TASK DETAILS: This exercise calls for a copy of every line in the listing below that carries the word "Diamant".

DATA FOR ANALYSIS:

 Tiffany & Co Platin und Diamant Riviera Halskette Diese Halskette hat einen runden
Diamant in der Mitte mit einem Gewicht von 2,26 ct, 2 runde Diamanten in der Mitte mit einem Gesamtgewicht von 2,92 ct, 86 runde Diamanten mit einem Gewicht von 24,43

--

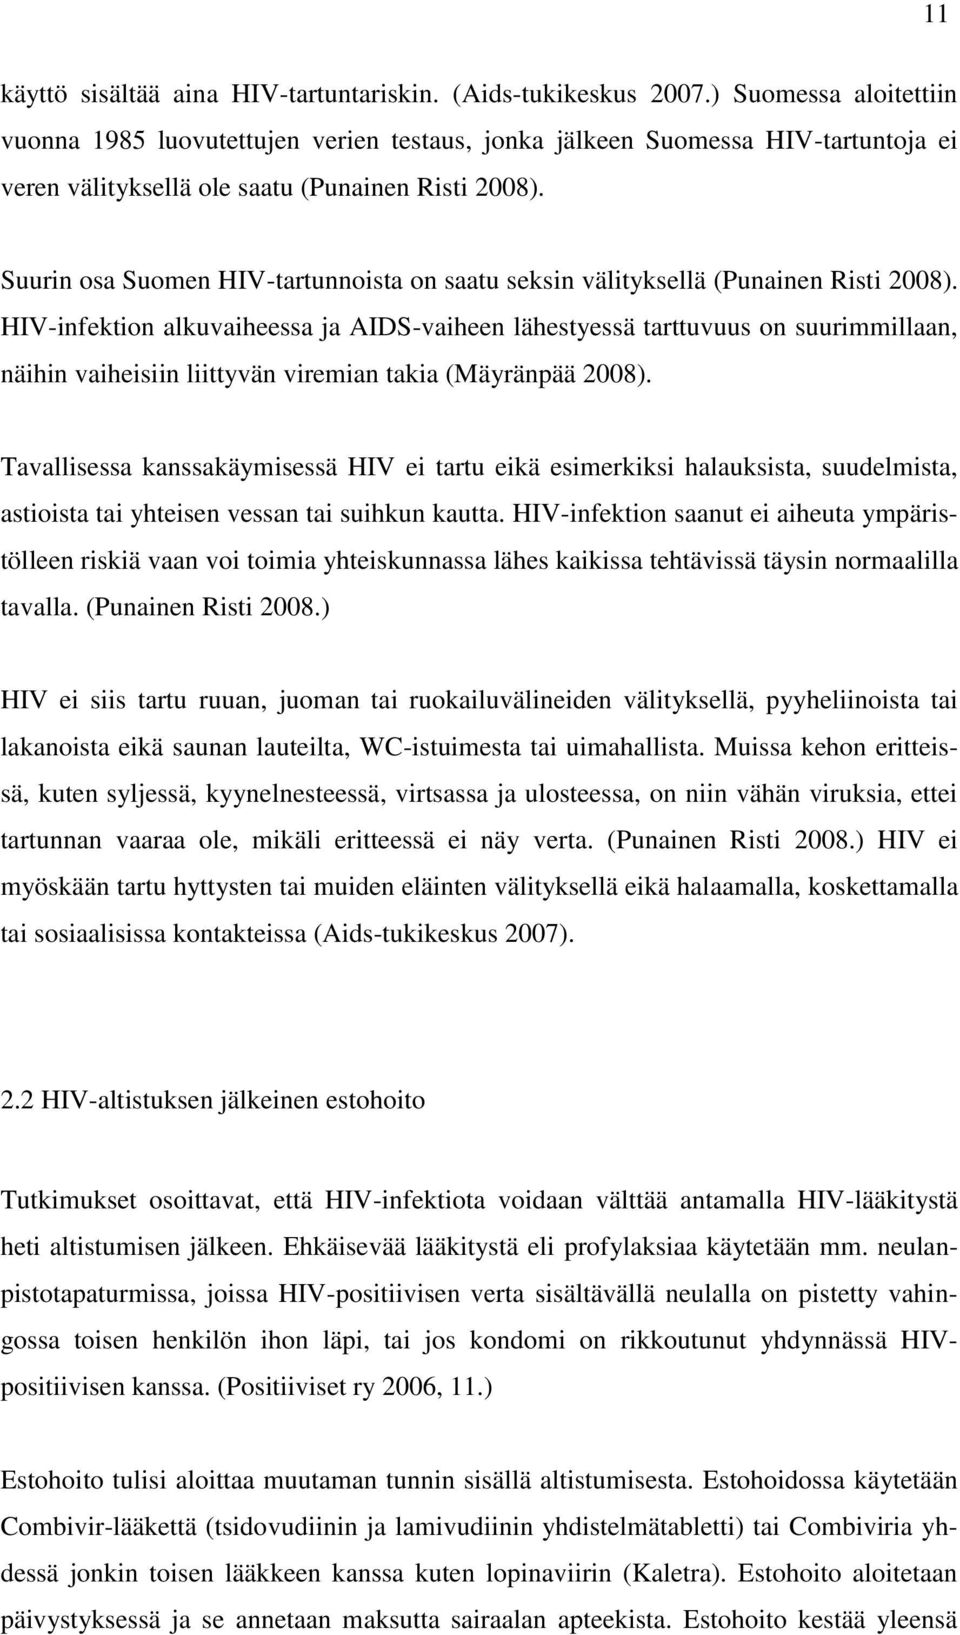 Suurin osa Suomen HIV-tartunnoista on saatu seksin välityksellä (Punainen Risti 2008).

...

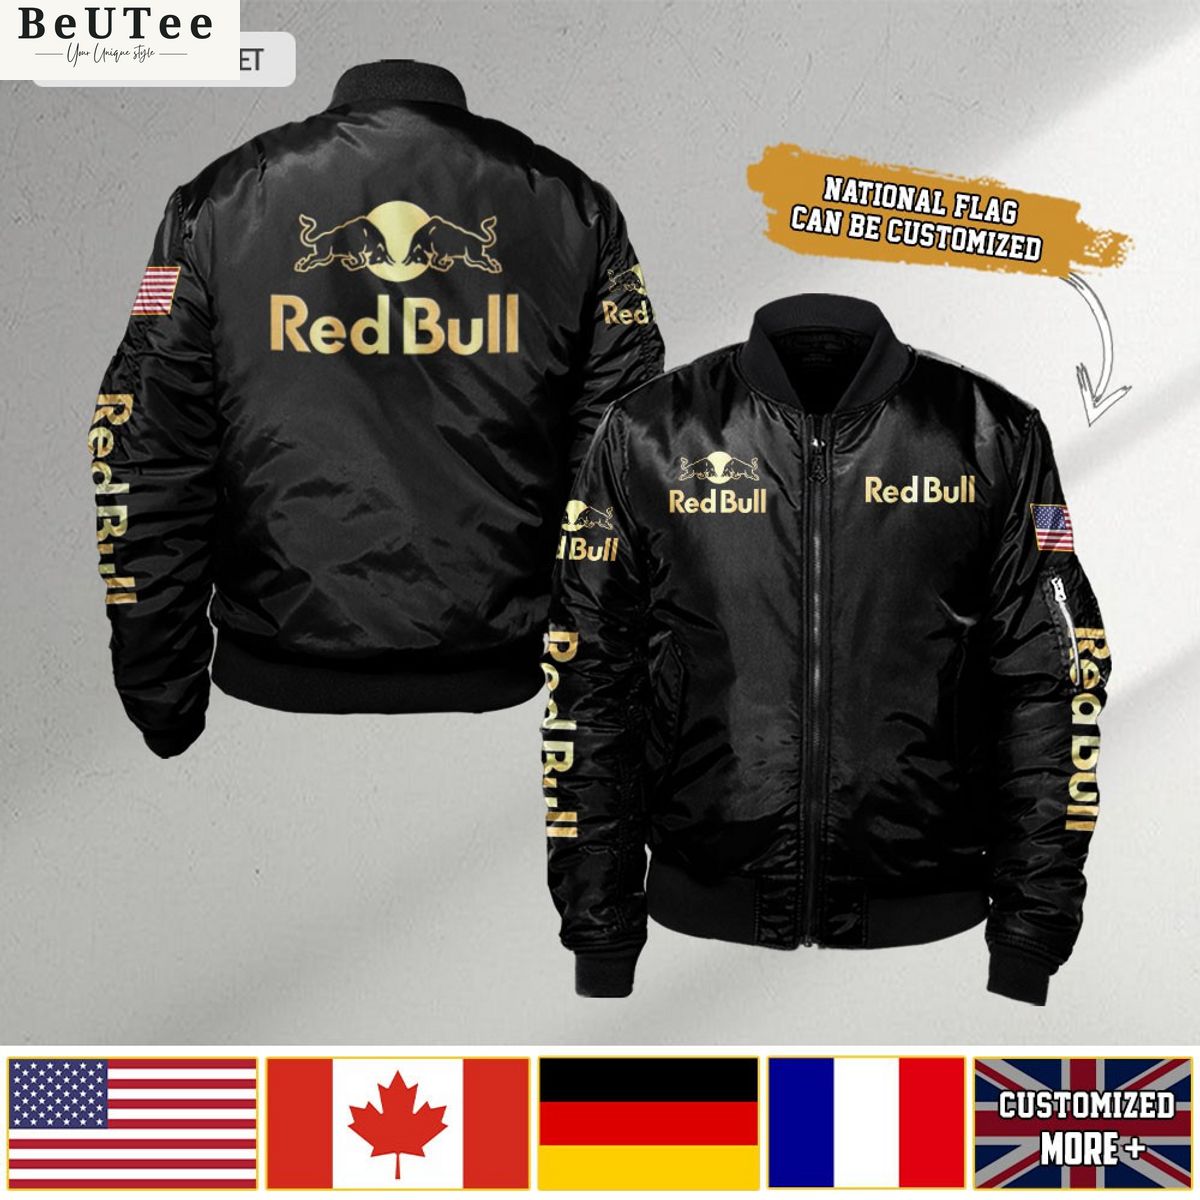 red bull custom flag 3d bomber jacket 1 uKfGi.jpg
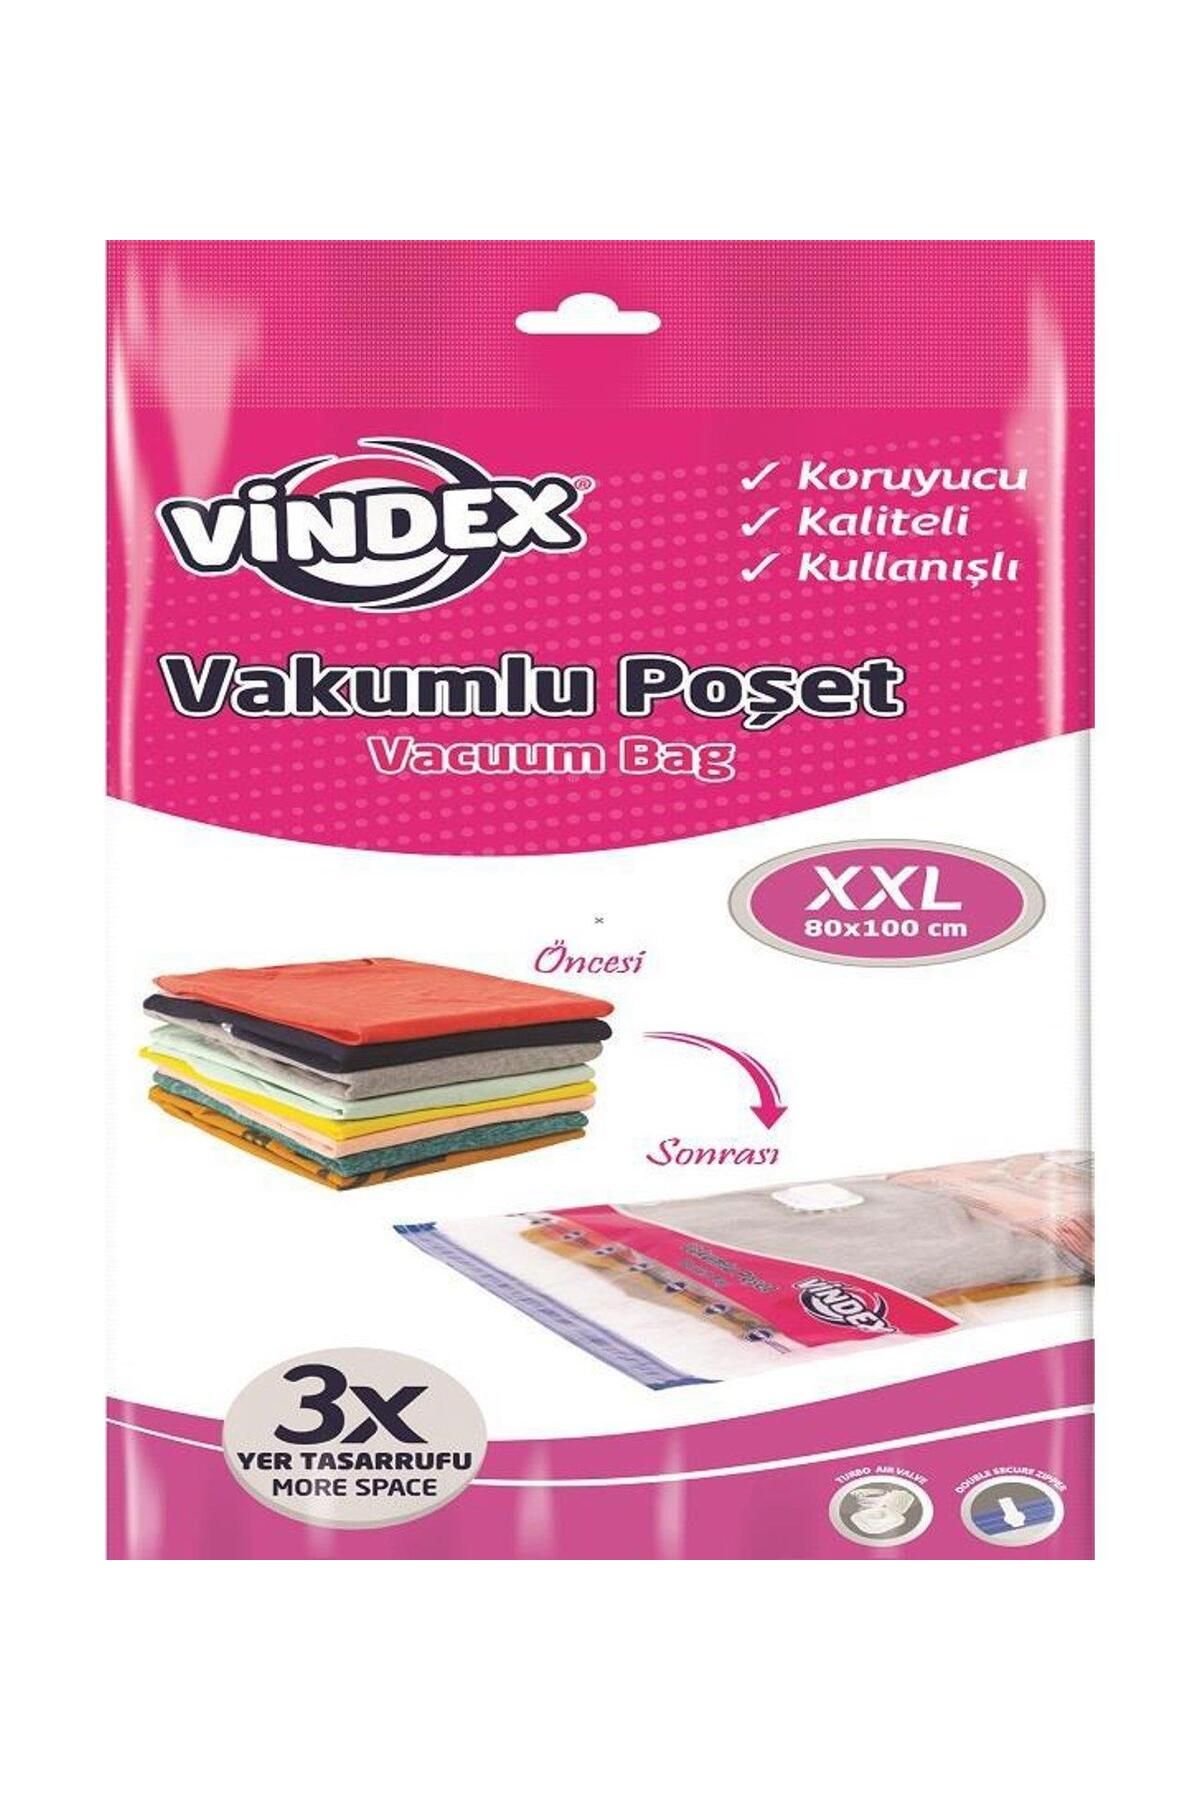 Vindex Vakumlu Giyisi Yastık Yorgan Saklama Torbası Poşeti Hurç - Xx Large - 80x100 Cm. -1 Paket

RESULT BELOW:
 Tiffany & Co Platin und Diamant Riviera Halskette Diese Halskette hat einen runden
Diamant in der Mitte mit einem Gewicht von 2,26 ct, 2 runde Diamanten in der Mitte mit einem Gesamtgewicht von 2,92 ct, 86 runde Diamanten mit einem Gewicht von 24,43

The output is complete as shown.